Complaints Put on Fast Track at FERC

FERC has unveiled its long-awaited final rule on expedited complaint procedures, the focus of which is a "very innovative" fast-track process for resolving "highly time-sensitive" industry disputes within 20 days after a response is filed. This compares to FERC's target of up to 60 days for most standard complaints. The Commission voted out the order notationally after its bi-weekly meeting last Wednesday.

The fast-track procedures aren't meant to replace the standard procedures for resolving complaints at the Commission, but rather are intended to complement them, according to FERC. To be eligible for the fast track, a complainant must make "a highly credible claim and a persuasive showing that the standard complaint process will not provide meaningful relief," Commissioner William Massey said [RM98-13].

If such a showing is made, the Commission will shorten the timeframe for a party to respond to the complaint to a few days and will issue a procedural order (on how it intends to process the complaint) "if necessary within two to three days after [an] answer" to the complaint is submitted, he noted. And it will seek to rule on the merits of a dispute within 20 days from the date of the answer to the complaint. "I would have preferred that we make the fast track even faster by delegating to staff certain process decisions, but the majority did not agree." Still, Massey said he believes the changes will make the complaint process "more user friendly," giving parties a quicker turnaround on their disputes.

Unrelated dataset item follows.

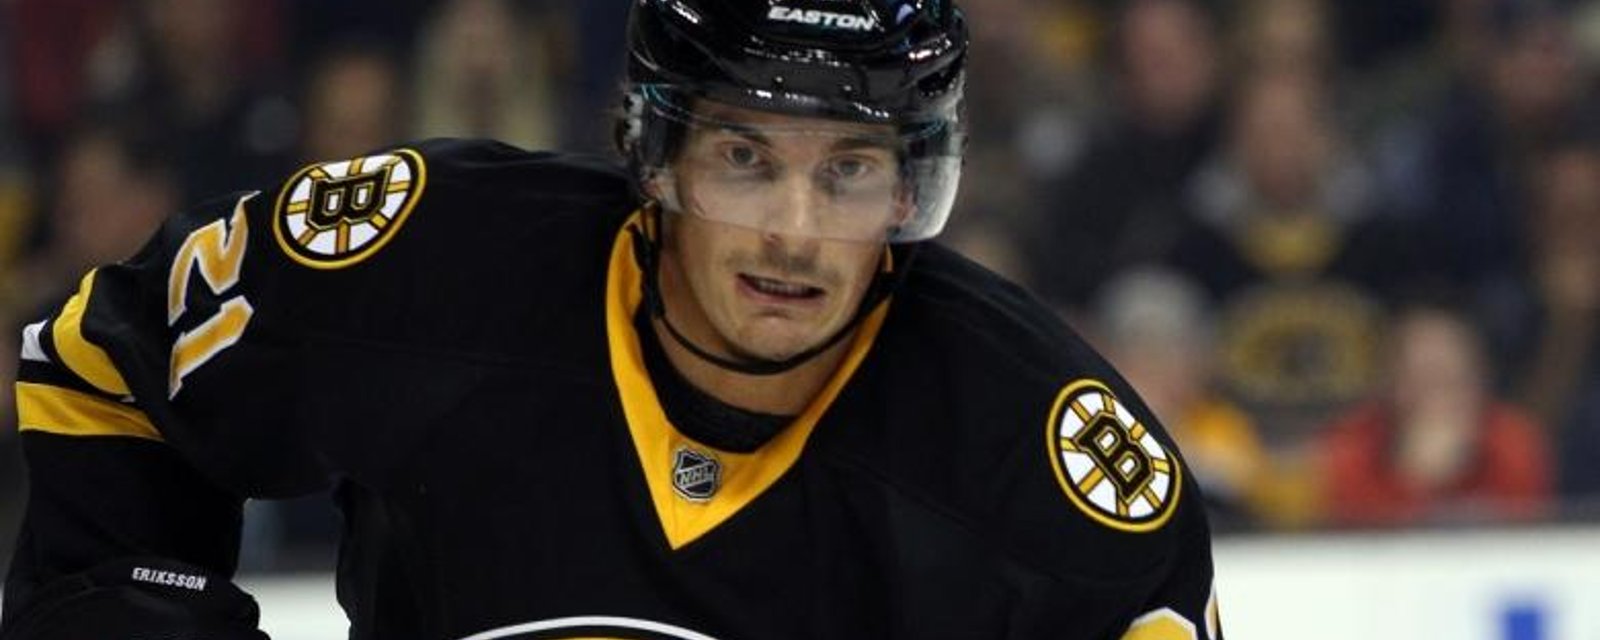 The Bruins take a stance on trading Loui Eriksson.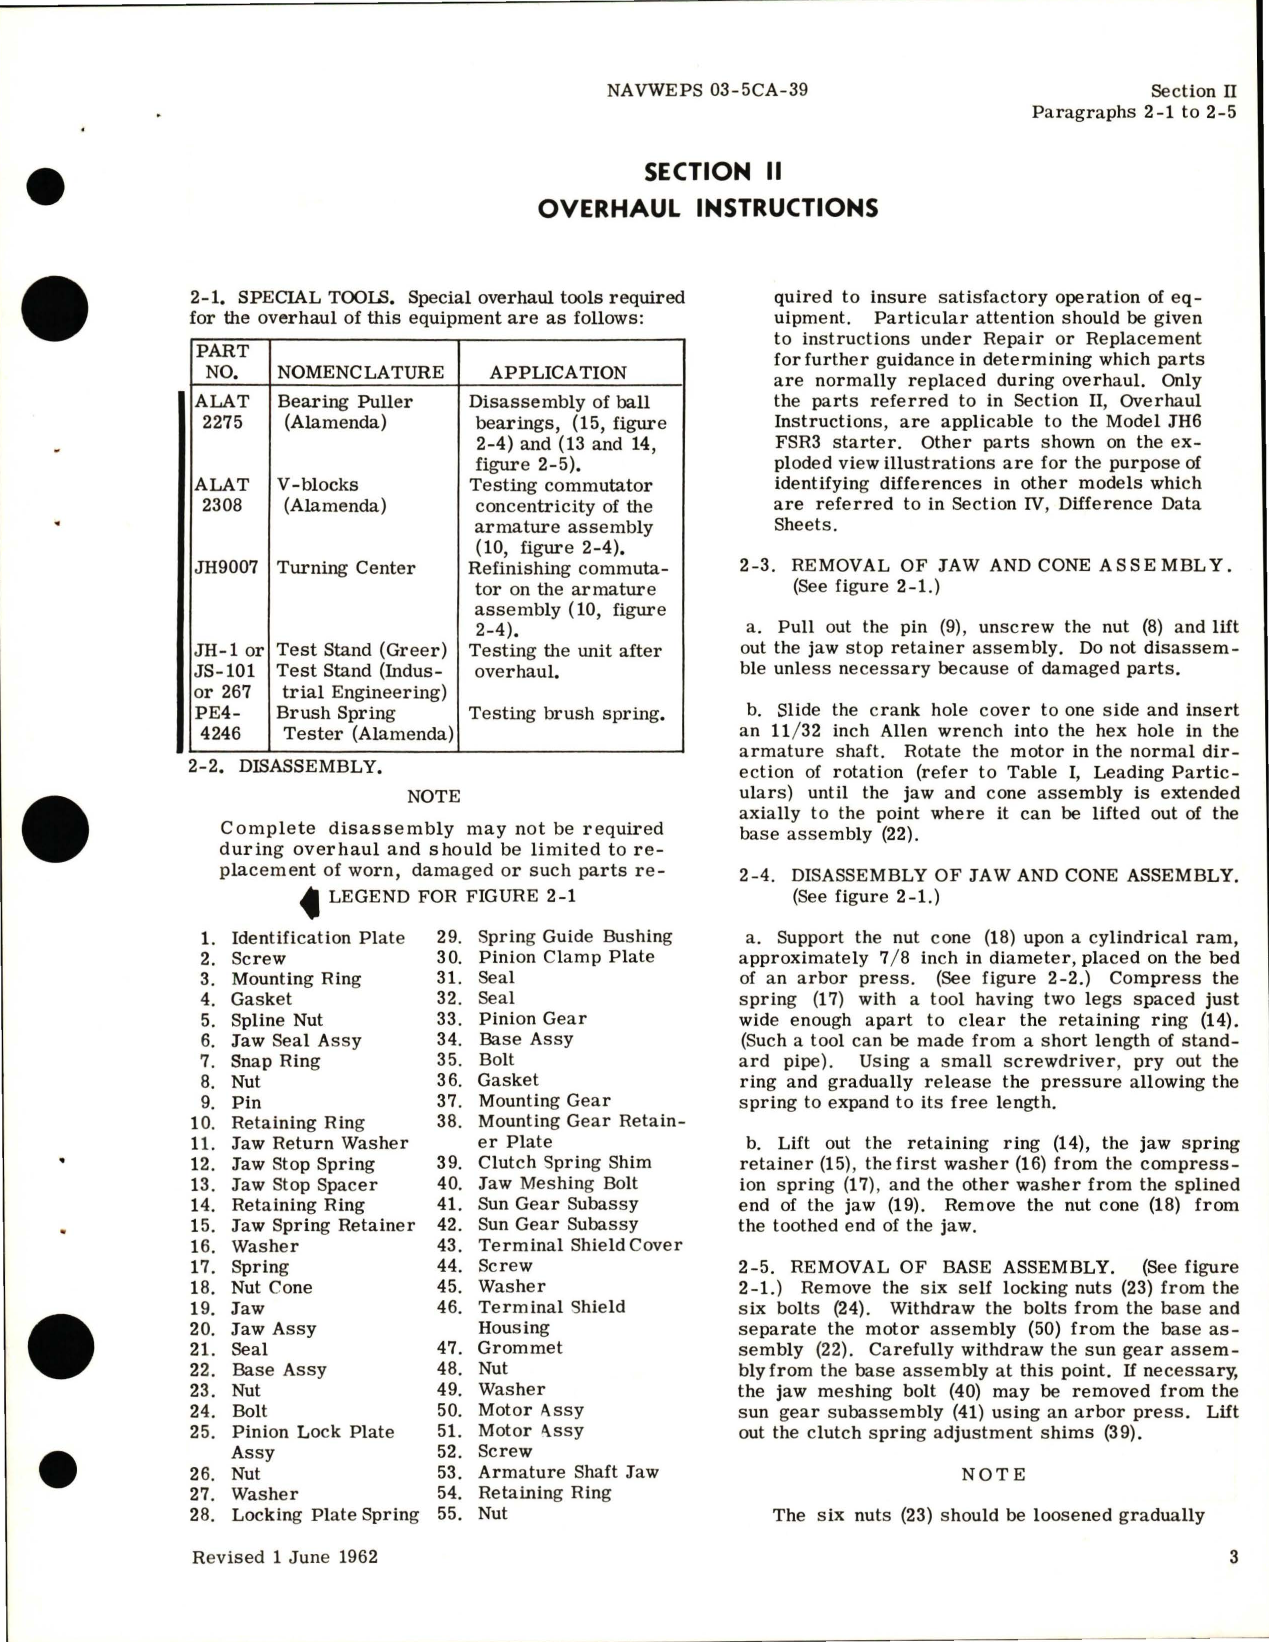 Sample page 7 from AirCorps Library document: Overhaul Instructions for Engine Starters

The Commission noted the fast-track process will be used in "only limited circumstances" due to the "extraordinarily compressed time schedule" that will be required. It encouraged potential complainants to seek fast-track processing "sparingly and only in the most unusual cases that demand accelerated treatment." An example of a case that would merit such quick processing would be one where a shipper alleges that it has been denied access to a pipeline under the Natural Gas Act, according to FERC. In such a case, the complainant would be required to provide a "satisfactory explanation" as to whether alternative dispute resolution (ADR) was pursued prior to filing the complaint. It further said that a ruling on a request for preliminary relief - such as a stay - would be "almost immediate" in such cases. But it noted that a request for such relief also could be made in a standard complaint.

The final rule did set target timeframes for the Commission to resolve complaints more expeditiously, but it stopped short of imposing specific, strict deadlines for such action. The latter was supported by the Pipeline Coalition Group, which included producers, LDCs and others. FERC believes that having target timeframes, rather than strict deadlines, will give it "the flexibility to adjust when necessary complicated issues and unforeseen circumstances."

The rule appears to be a composite of the proposals of gas producers, pipelines and LDCs, as well as electric utilities. The new, expedited complaint process will apply to all FERC-regulated industries - gas, electric, hydro and oil.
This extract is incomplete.